Previous studies evaluating oncolytic potency of TG6002 in cell lines and xenograft models have shown promising results [11, 13]. However, murine xenograft models show several limits including the lack of immune system, their size and the non-spontaneous origin of the cancer. Highly relevant animal models are needed to assess the efficacy of treatment prior to human trials. In contrast to rodents, cancers arising in dogs have several commonalities with human cancers.

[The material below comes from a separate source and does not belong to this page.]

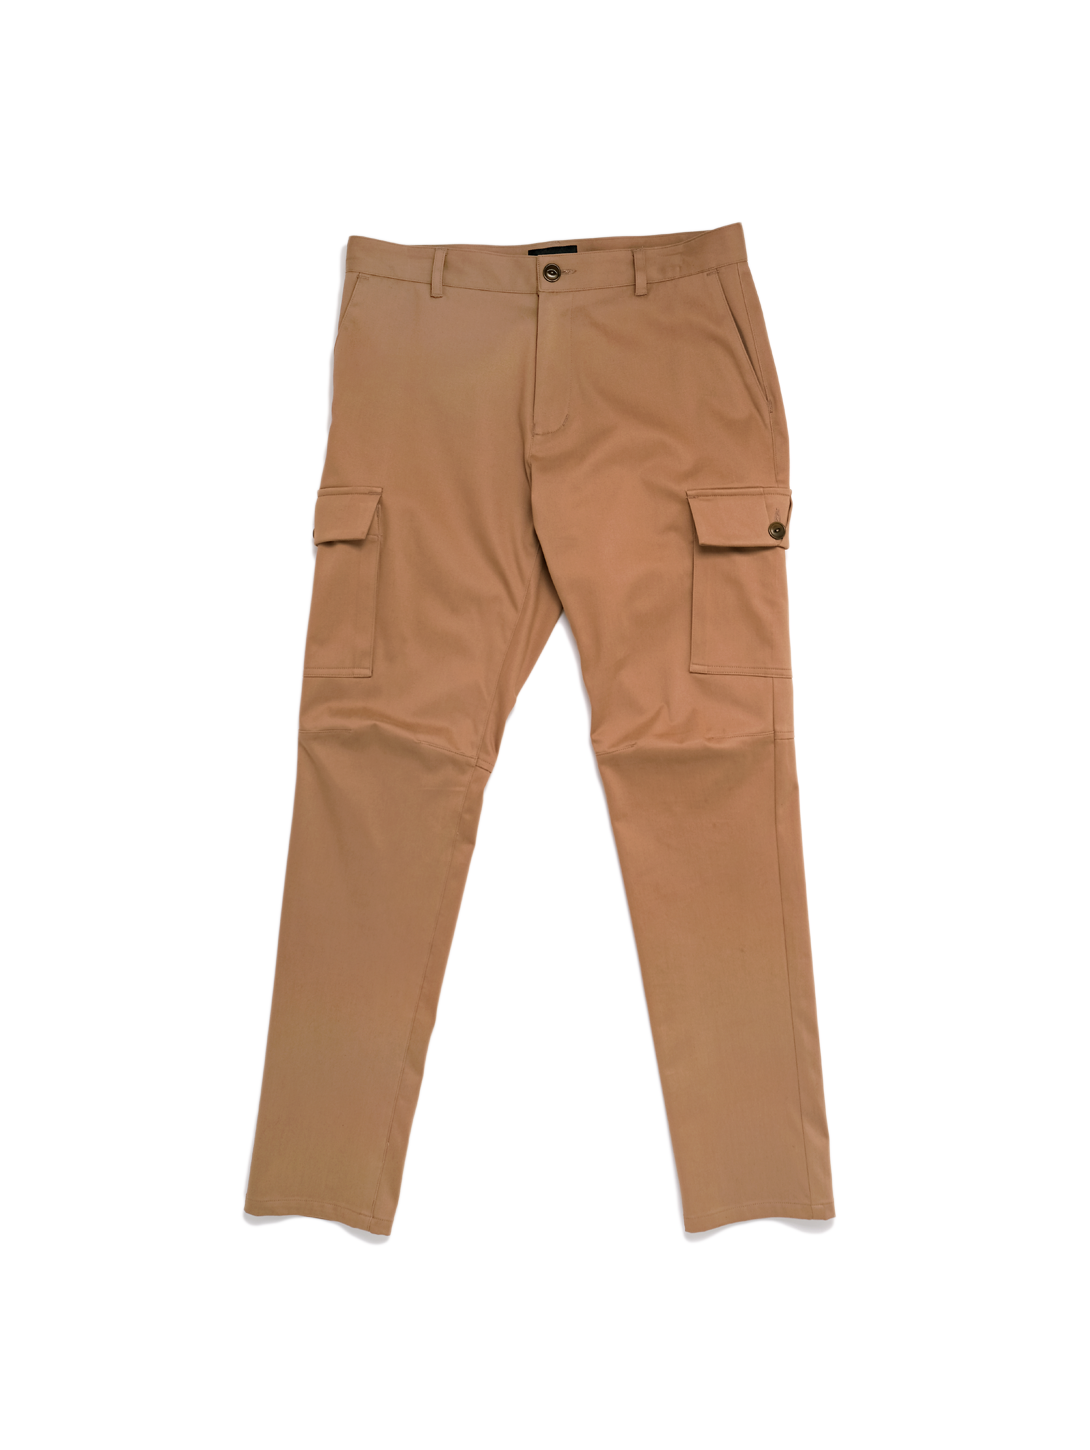 Hanas 2023 Mens Pants Fashion Mens Solid Drawstring Pocket Sports Trousers  Casual Beam Feet Pants Black L 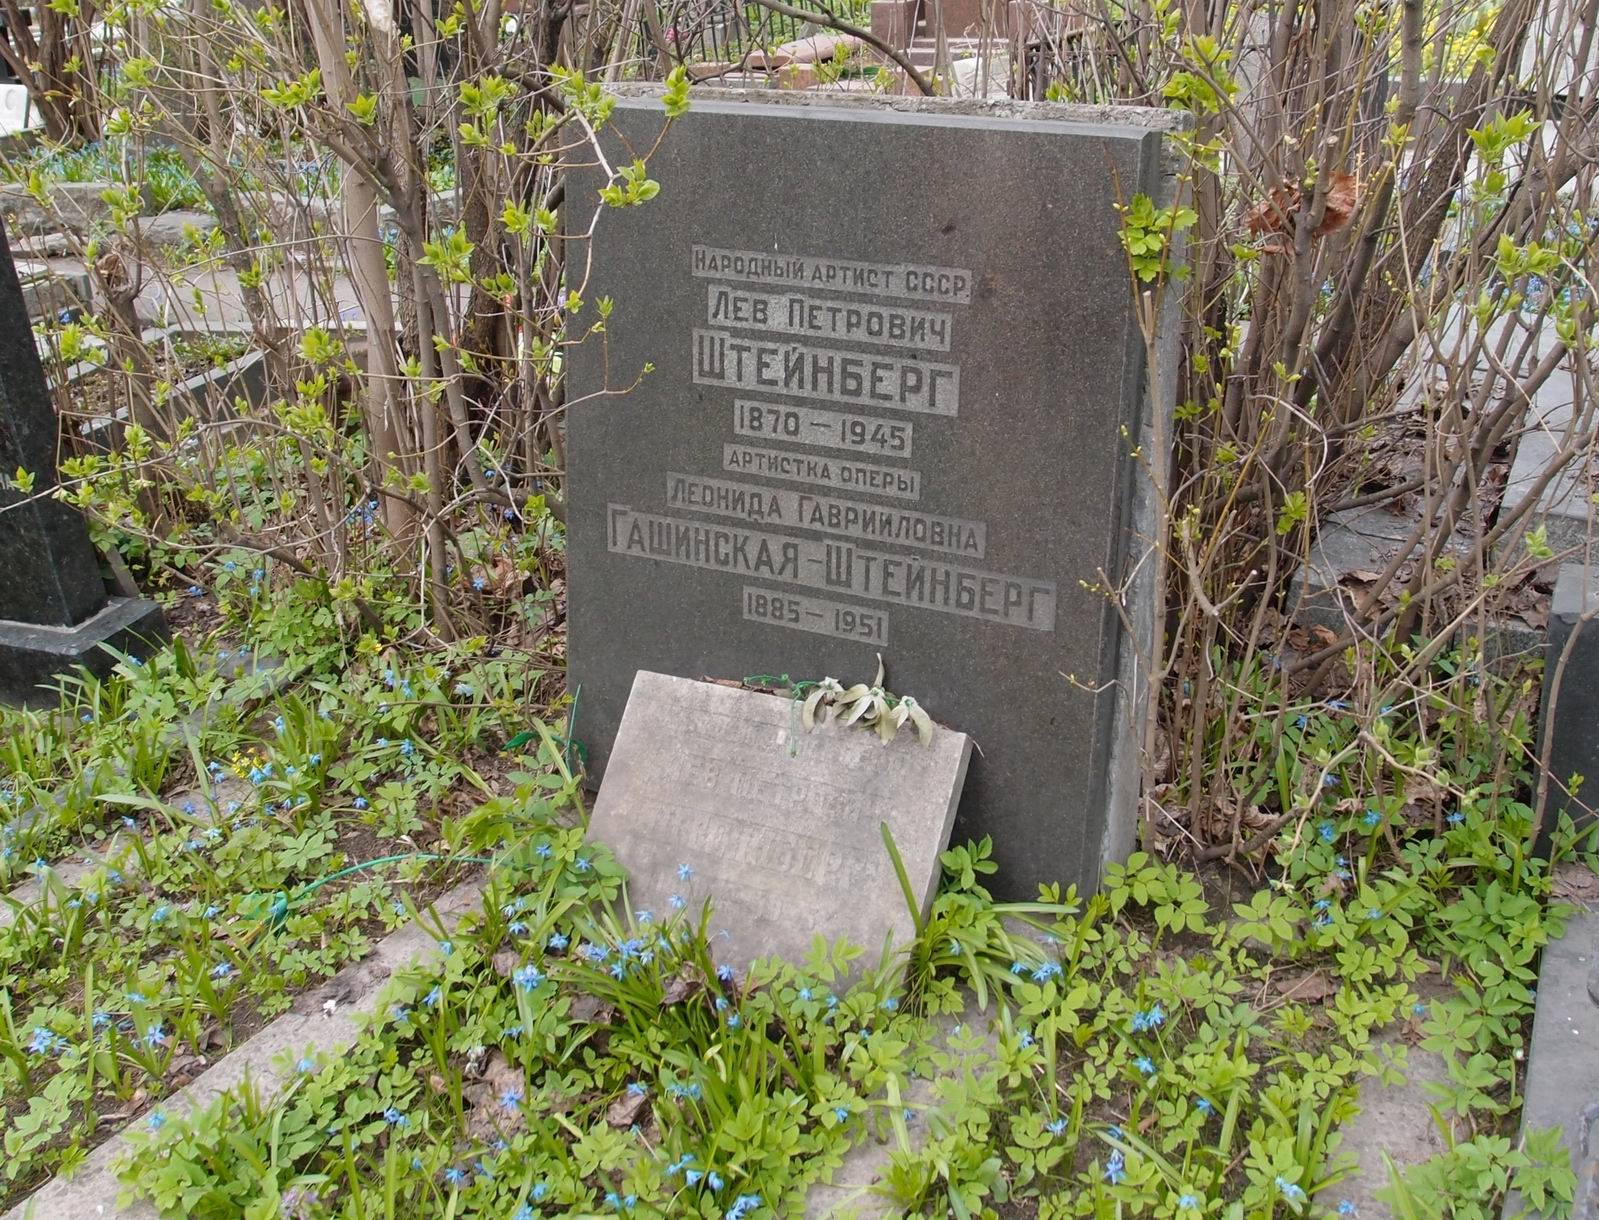 Памятник на могиле Штейнберга Л.П. (1870-1945), на Новодевичьем кладбище (2-25-2).

Indeed, dogs share the same environment with their owners, their immune system is intact, and cancer progression is spontaneous resulting in similar complexity, clonality, and immune suppression as seen in man [49]. In addition, the same cancer-associated genes and histological features have been found in both species for several cancers like urothelial carcinoma or mammary carcinoma [50, 51]. Thereby, it is now well recognized that dogs with spontaneous cancer serve as a good model for several human cancers [52]. A previous study has already established the oncolytic potency of TG6002 with 5-FC in canine mammary tumor explants [13]. Indeed, histological analyses of ex vivo canine mammary adenocarcinoma explants cultured with TG6002 and 5-FC, allowed assessment of tumor necrosis and conversion of 5-FC into 5-FU [13]. Considering dog as a relevant model in oncology in one hand, and promising in vitro results combine to the safety profile of TG6002 on the other hand, intratumoral injections of 5 × 107 pfu/kg of TG6002 can be considered for a clinical trial in dogs with spontaneous tumors. Indeed, the individual dog will benefit from effective treatment and the results are expected to help other dogs. Finally, the findings are expected to advance treatments in human oncology.